#### [DATA EXCERPT]

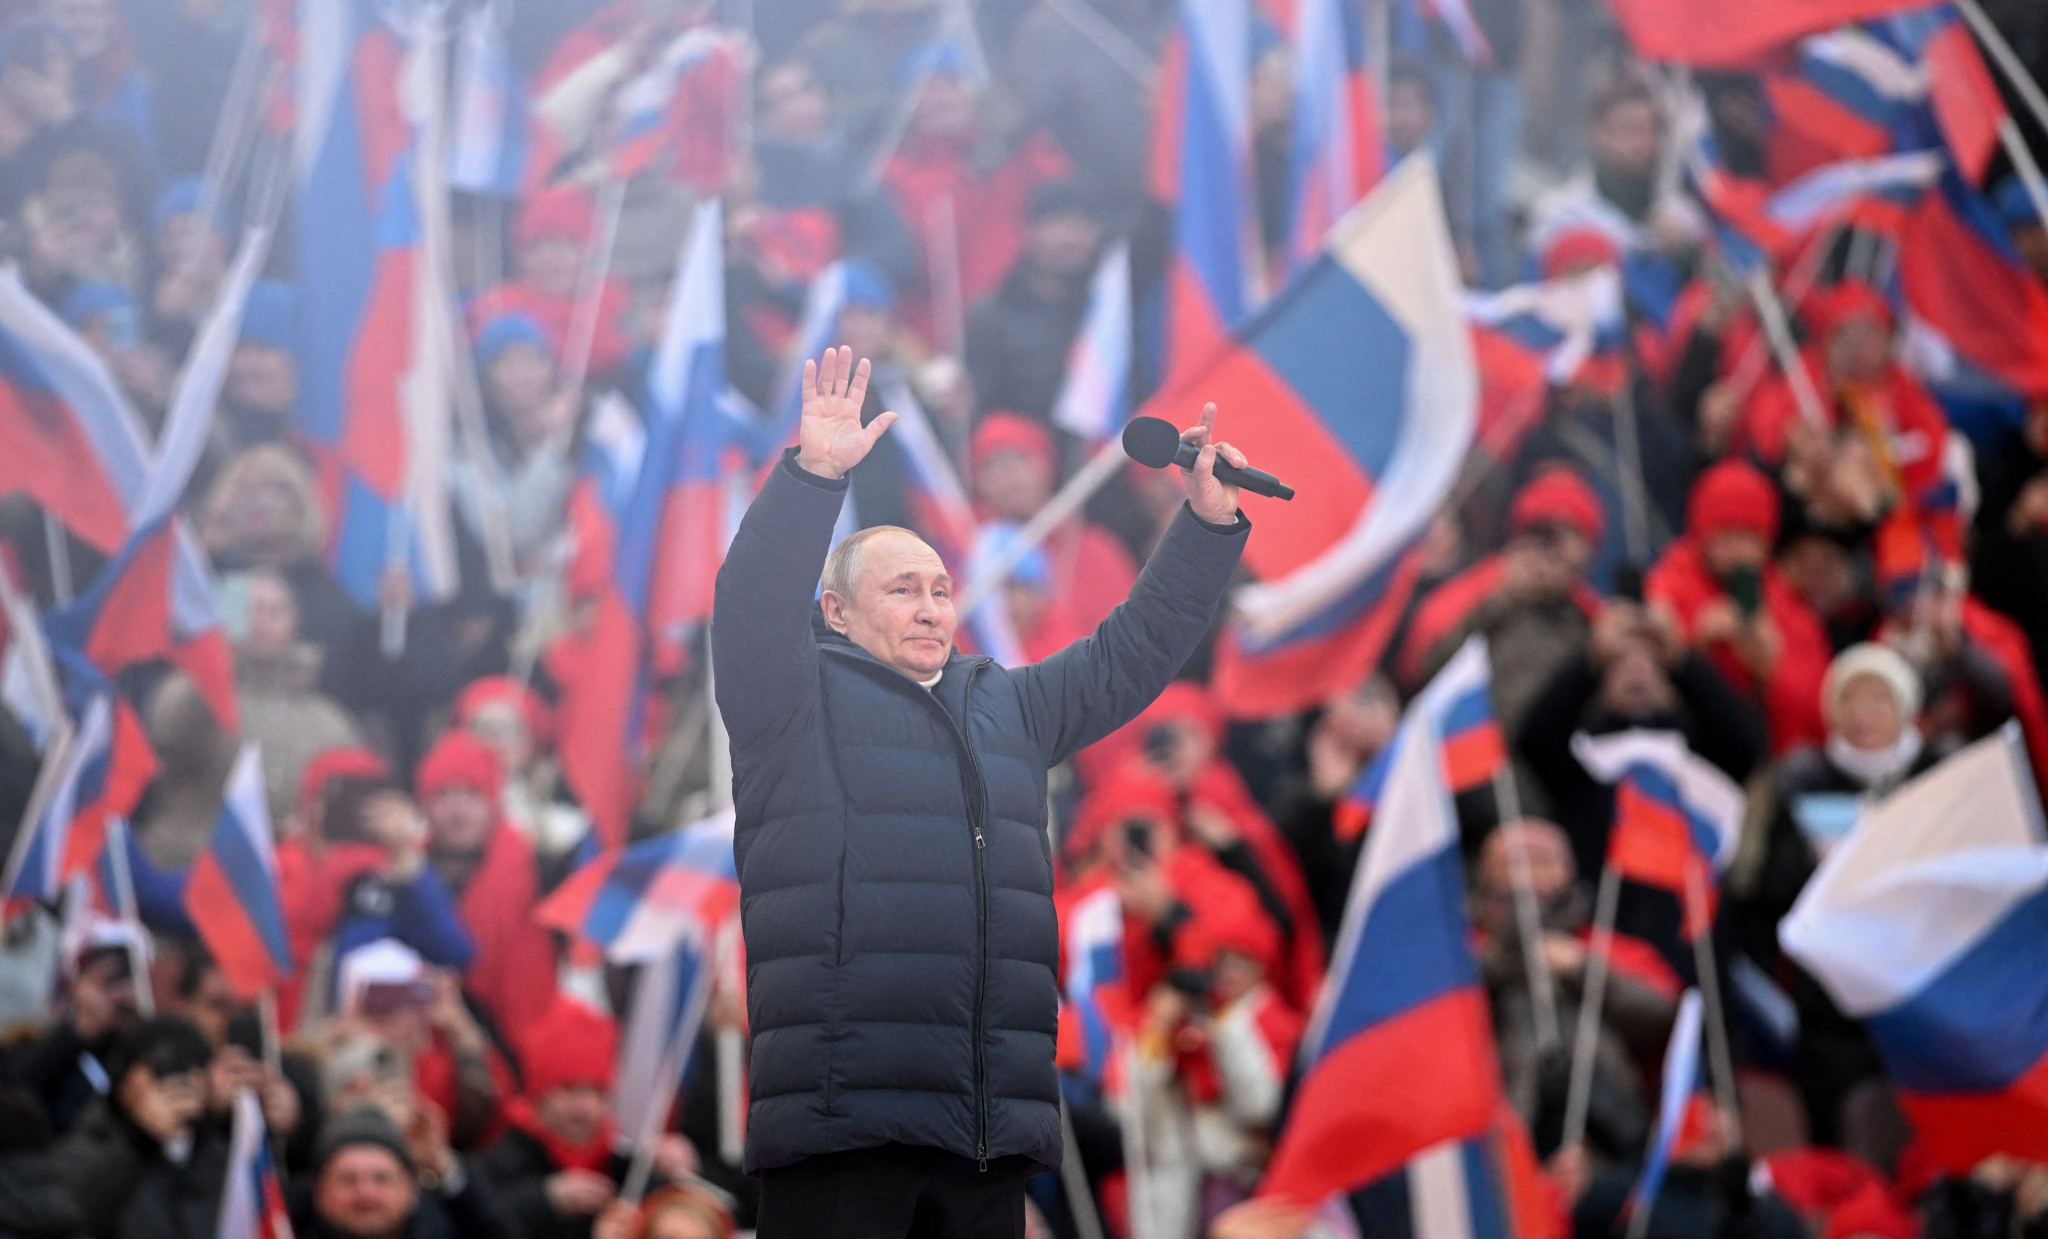 Vladimir Putin led the Moscow rally, which Evgeny Rylov attended ©Getty Images
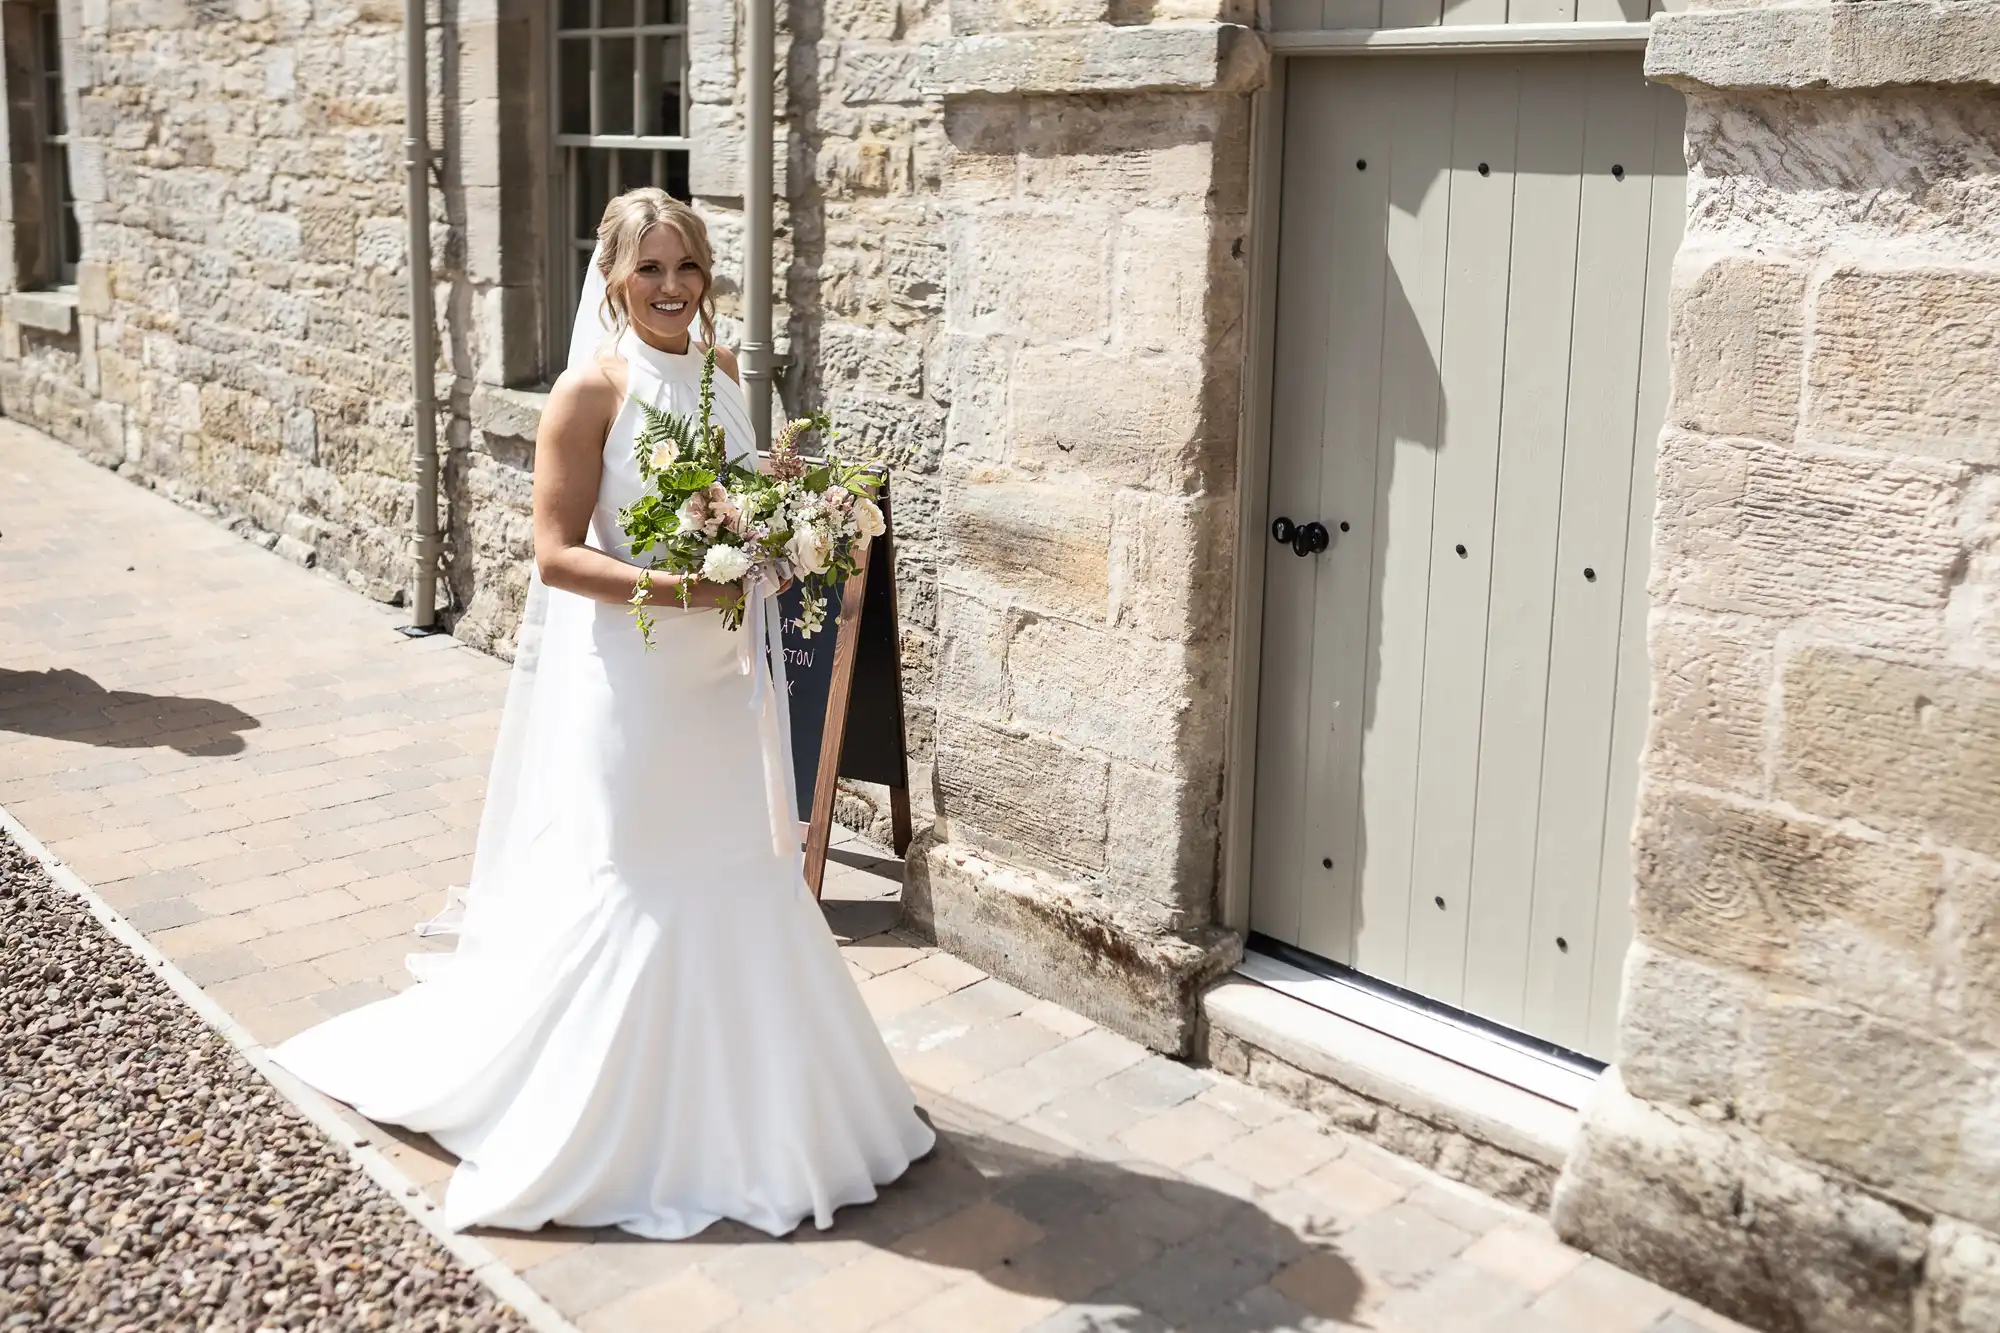 A bride in a white dress holding a bouquet, smiling next to a stone building with a pale green door.
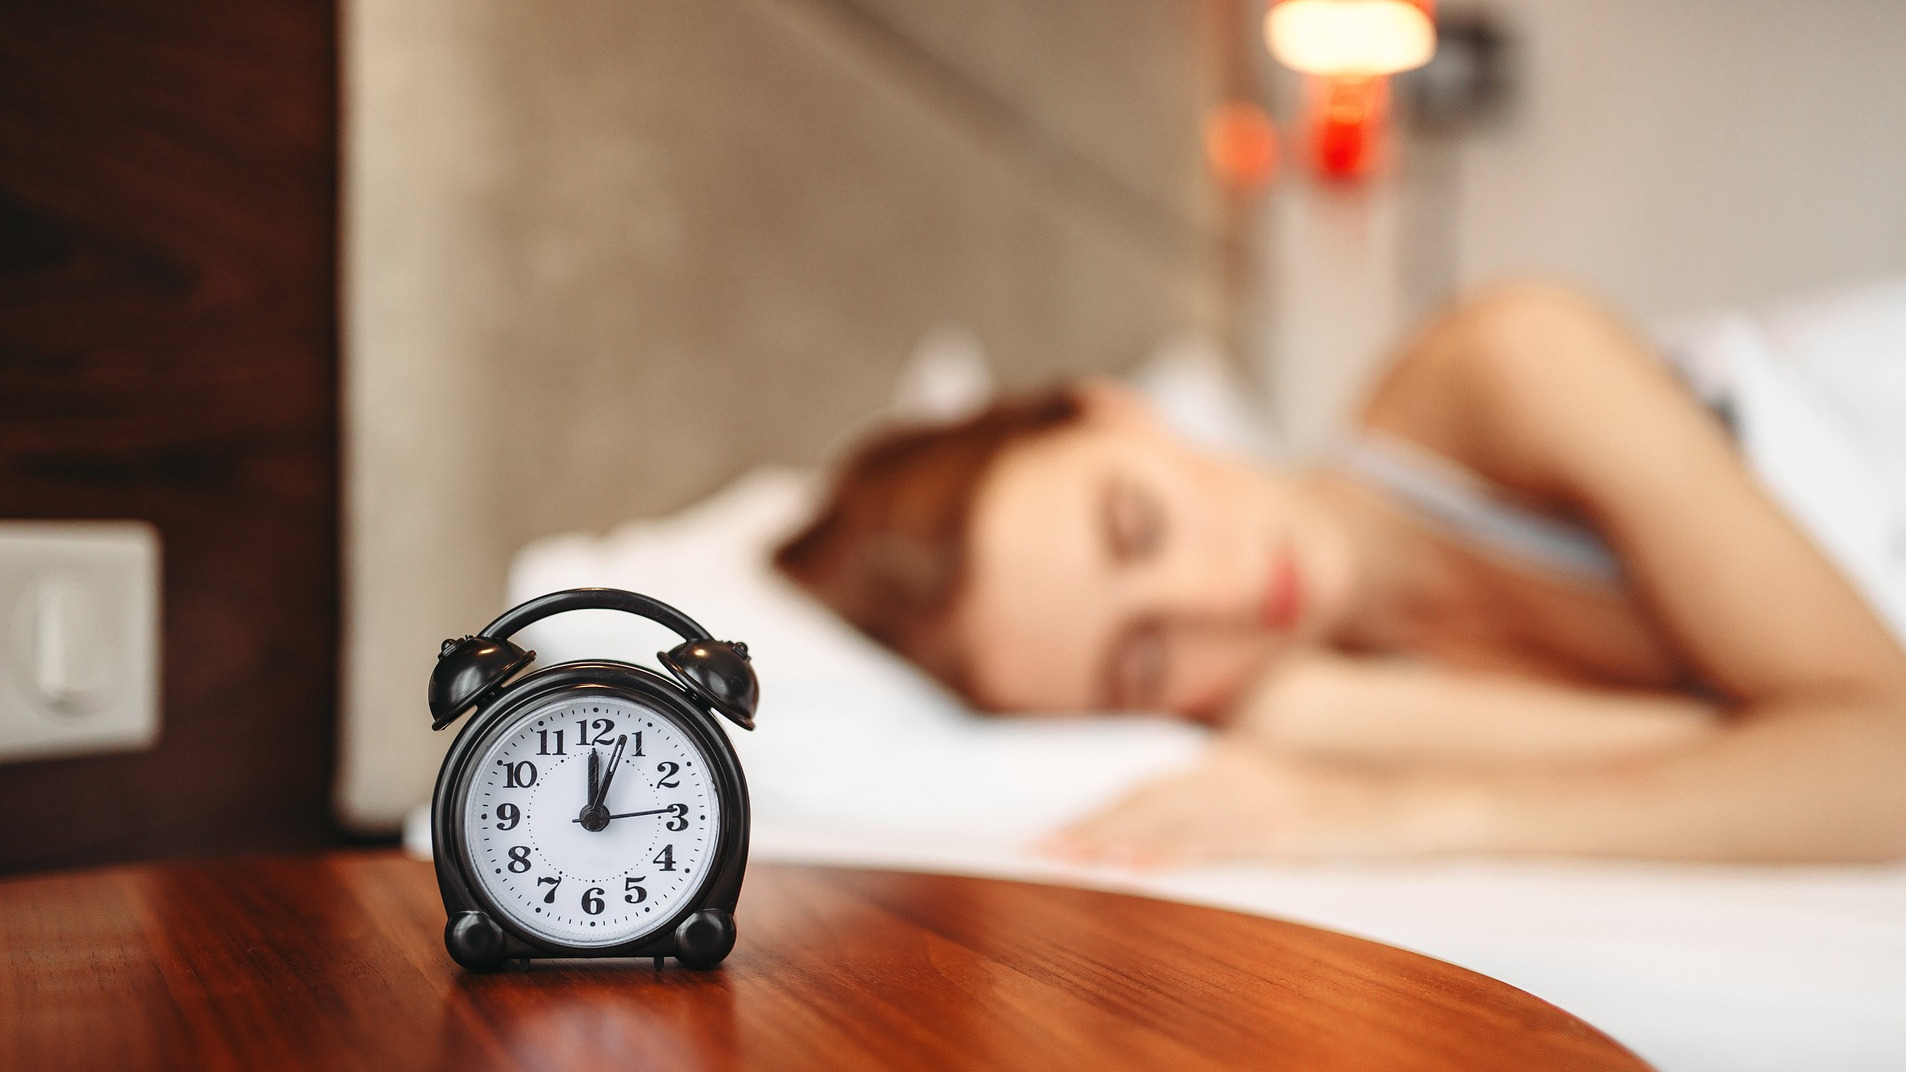 Top 10 Essential Oils for Sleep and Insomnia

#### [PROBLEM STATEMENT]
Write out each line again, exactly as it appears above, except for any picture.

#### [FINISHED EXERCISE]
 Vladimir Putin led the Moscow rally, which Evgeny Rylov attended ©Getty Images
 A bride in a white dress holding a bouquet, smiling next to a stone building with a pale green door.
 Top 10 Essential Oils for Sleep and Insomnia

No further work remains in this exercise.